= Vishnupant Moreshwar Chatre =

Vishnupant Moreshwar Chatre (1840-1905) was an Indian circus owner who is considered the founder of the modern Indian circus. His circus company Great Indian Circus was the first circus company in India. Chatre met martial arts trainer Keeleri Kunhikannan when Great Indian Circus toured Thalassery, Kerala in 1887. During the visit Kunjikannan and Chatre signed an agreement, according to which Kunjikannan agreed to train trainees for the circus and Chatre agreed to employ them. This led to the development of the first circus academy in the country.

== Personal life ==
He was born in a small village called Ankalkhop in Sangli, Maharashtra. His father, Moreshwar Chatre, was the treasurer at the palace of Jamkhandi. Since childhood Chatre loved birds and animals.

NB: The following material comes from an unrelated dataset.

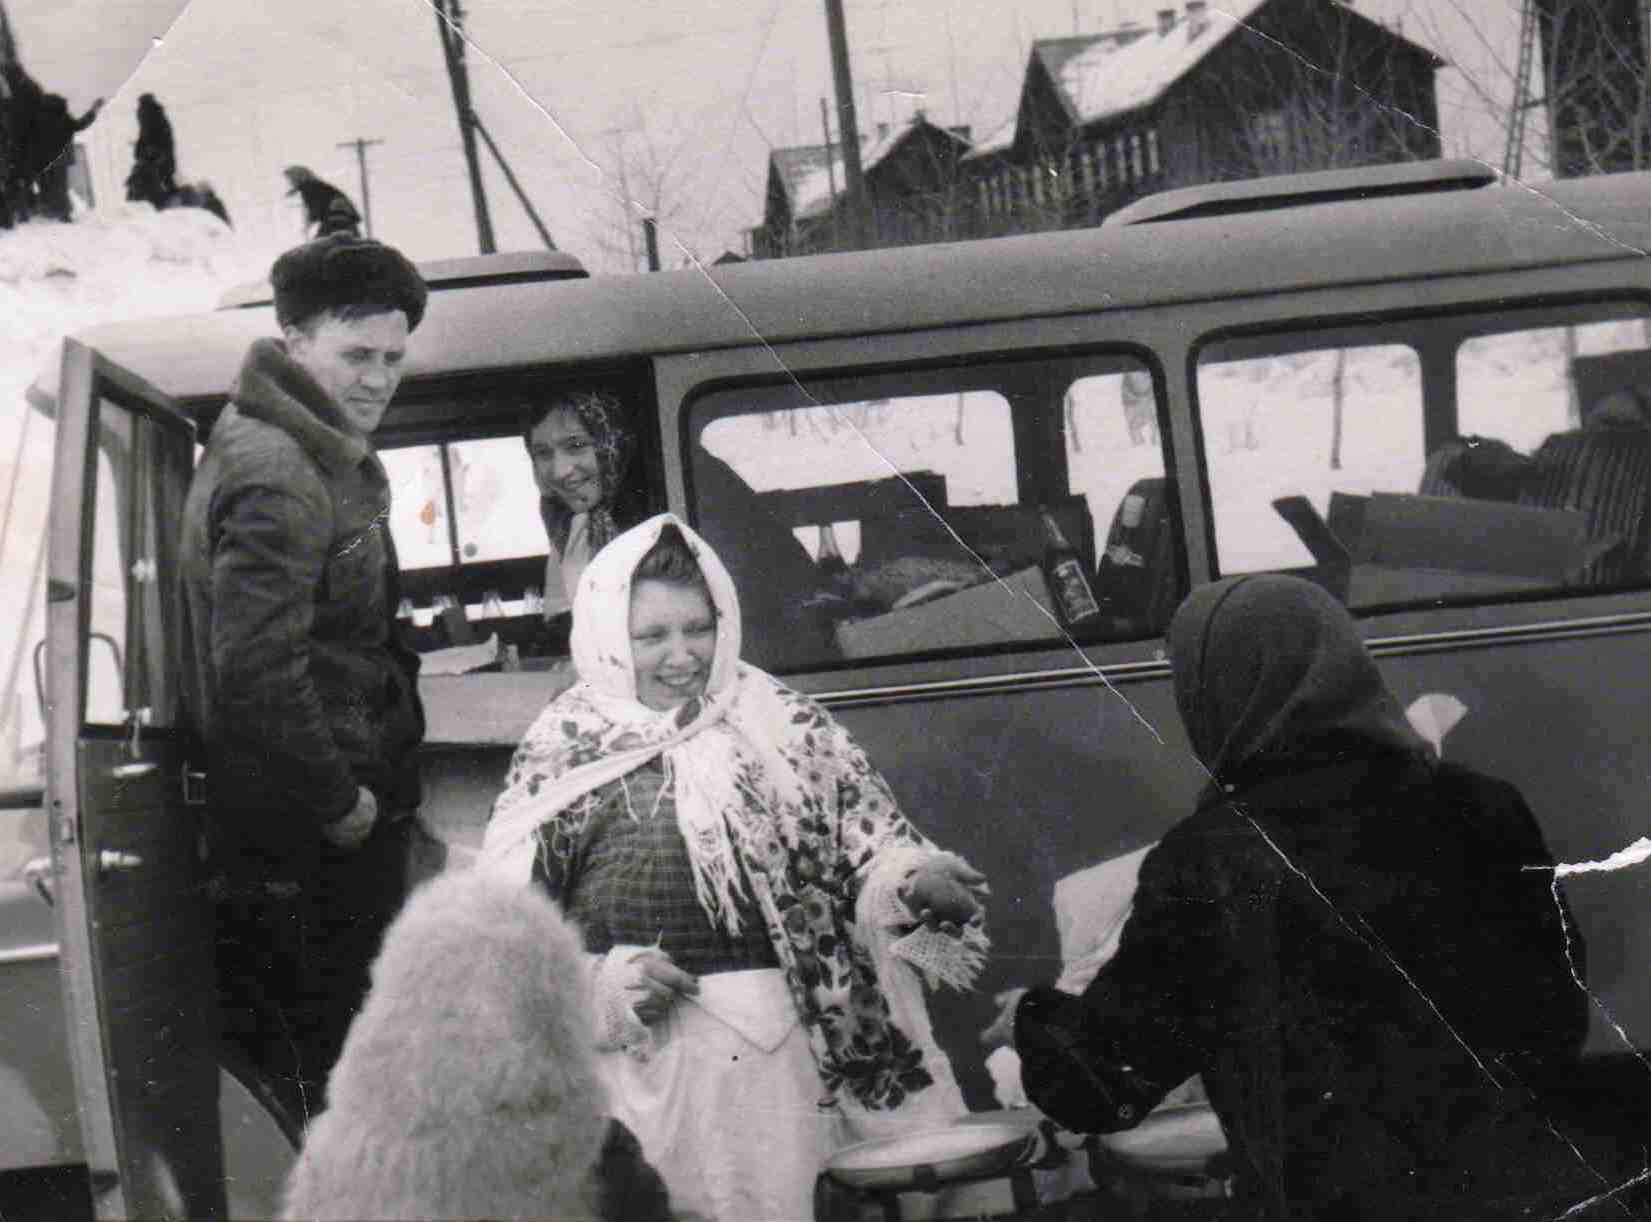 УАЗ. Проводы Русской Зимы, ст. Урдома

At the urging of his father, Chatre got married at the age of sixteen. After marriage he got job at stable of Ramdurg Palace. Later, he gone to Gwalior, Madhya Pradesh. There he got a job at the palace stable. At Gwalior, Baba Sahib Apthe, a horse trainer, taught him horse characters, horse training methods etc. At Gwalior, under Ustad Hadhu Khan, he also studied Hindustani classical music.

After leaving Gwalior he became in charge of the stables of Balasahib Patwardhan, the king of the Kurundwad princely state of Sangli. Balasahib also helped Chatre to form his circus company. He trained his second wife Avuda Bai Parulelkar in single trapeze, acrobatics and animal training.

In 1890, after handing over circus charges to his brother, Chatre settled in Indore with his classical music master Ustad Rahmat Khan. He was an acute diabetic patient. He died on February 20, 1905, at Indore.

== Birth of Indian circus ==

In 1879, the Royal Italian Circus by Giuseppe Chiarini toured India. Before all his shows started, he would tell the audience that India did not have a proper circus and would have to wait many more years to develop one. In addition, he offered "a thousand British Indian rupees" and a horse as a gift to anyone who could repeat his daring stage effects within six months.

Accepting the challenge, on March 20, 1880, Chatre came to perform his circus at the Kurundwad Palace Grounds, but Chiarini did not come to see it. After this Vishnupant Chatre bought most of the circus equipment from Chiarini. Within a year, he formed a new circus company called the Great Indian Circus. This was the first circus company in India. Chatre's Great Indian Circus toured various parts of India and other countries. He eventually merged his circus company with his cousin's company to form a company called the Karlaker Grand Circus. The Karlaker Grand Circus lasted until 1935.

== Awards and honours ==
Bombay University honoured him giving the title "Professor".